Раньше я никогда не бил человека по лицу. Высоцкий в песенке про боксёра сказал: «Бить человека по лицу я с детства не могу». Так это про меня.
Единственный случай, когда я ударил человека, был непосредственно связан с моим занятием частным извозом.
Я тогда уже ездил на красной «копейке» и считал себя «извозчиком», обладающим и достойной машиной, и достаточным опытом.
Впрочем, до классических шоферюг, легко хватающихся в серьёзных случаях за монтировку и выходивших на врага с мрачной решимостью на лице, утомленном тысячами пройденных километров, я, конечно же, не дотягивал. Мешала не шоферская интеллигентность, глубоко засевшая во мне, от присутствия которой надо было бы избавиться при первом же удобном случае.

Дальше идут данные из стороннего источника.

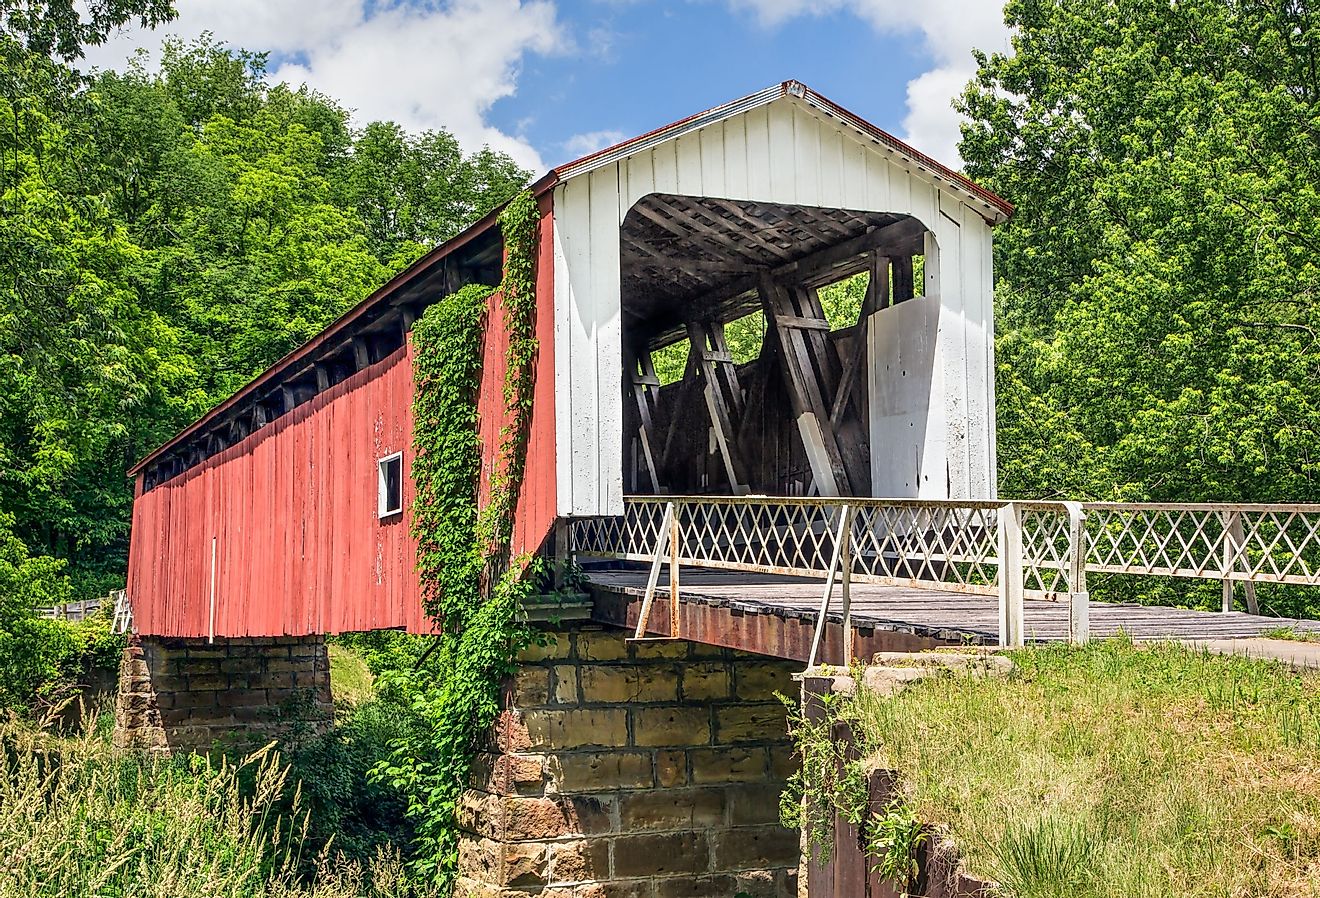 Also known as the Hildreth Covered Bridge or Lafaber's Mill Bridge, the historic Hills Covered Bridge crosses the Little Muskingum River near Marietta in Washington County, Ohio.
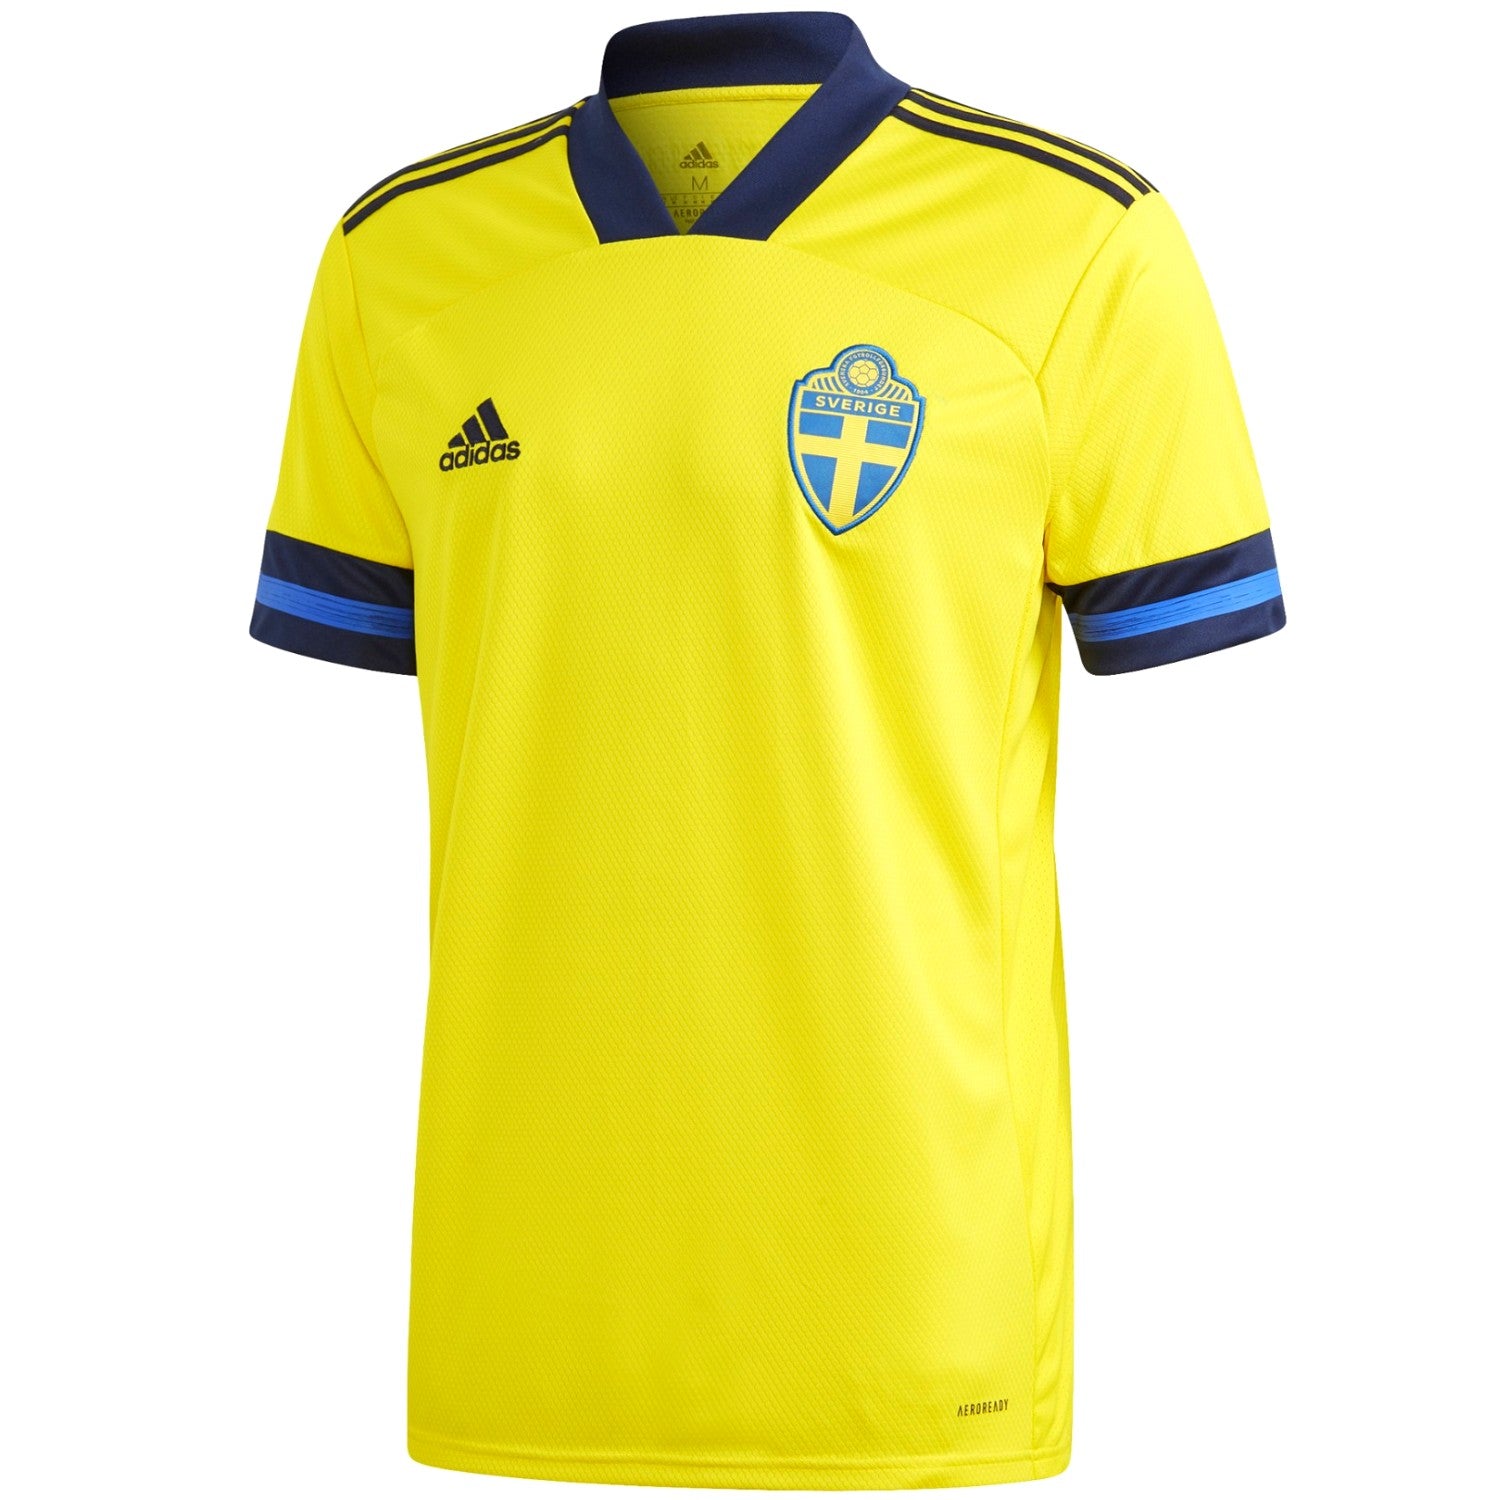 team Home soccer jersey 2020/21 - Adidas – SoccerTracksuits.com

И вот – такой случай представился.
Молодой человек, которого можно было бы назвать «хлыщом», остановил мою машину, сел в неё и мы поехали. Приехав в застроенные малоэтажными домишками Коломяги, я узнал, что у моего пассажира денег на оплату проезда нет, но он предложил пройти вместе с ним, неопределённо обещая, что деньги мне отдадут там, внутри дома.
Внутри было какое-то общежитие. Приятель моего пассажира, к которому он меня привёл, не собирался платить за проезд своего знакомого, и у меня не было никаких оснований с него эти деньги требовать.
Тогда я предложил моему бывшему пассажиру проводить меня. Тот, глупо улыбаясь, пошёл следом.
Я решил, что мне надо его ударить по лицу, чтобы компенсировать неполученный доход и получить неоценимый жизненный опыт.
Физически этот парень был не крепче меня но, самое главное, я решил его ударить один раз, да так, чтобы сразу сбить с ног и убежать, избегая ответного удара.
Пока я обдумывал этот план, мы прошли длинным коридором и вышли на лестничную площадку.
Мой бывший пассажир, глупо улыбаясь, протянул мне руку не прощание. Я не ответил на рукопожатие. Вместо этого я изо всей силы ударил его снизу под подбородок.
К моему удивлению кулак не встретил практически никакого сопротивления. Соприкоснувшись с челюстью, кулак продолжил движение вверх, а мой противник, запрокинув голову назад, упал на пол.
Я не думал, что на четвертом десятке лет окажется так легко поднять руку на венец божественного творения, впервые сбить человека с ног и теперь наблюдать, как он лежит на керамической плитке лестничной площадки, затем, с той же глупой улыбкой на лице поднимается, не разозлившись и не намереваясь ответить мне тем же. Ну как тут не почувствовать себя крутым мачо!
Однако, мне надо было сматываться. Я развернулся и побежал вниз по лестнице. Когда я уже завёл машину, из подъезда выскочил побитый пассажир и его приятель, У обоих были злые лица. Я нажал на газ и больше их никогда не видел.
В девяносто втором году у меня появился персональный водитель. Приличных машин у нас тогда ещё не было, но нанимать водителей мы уже могли.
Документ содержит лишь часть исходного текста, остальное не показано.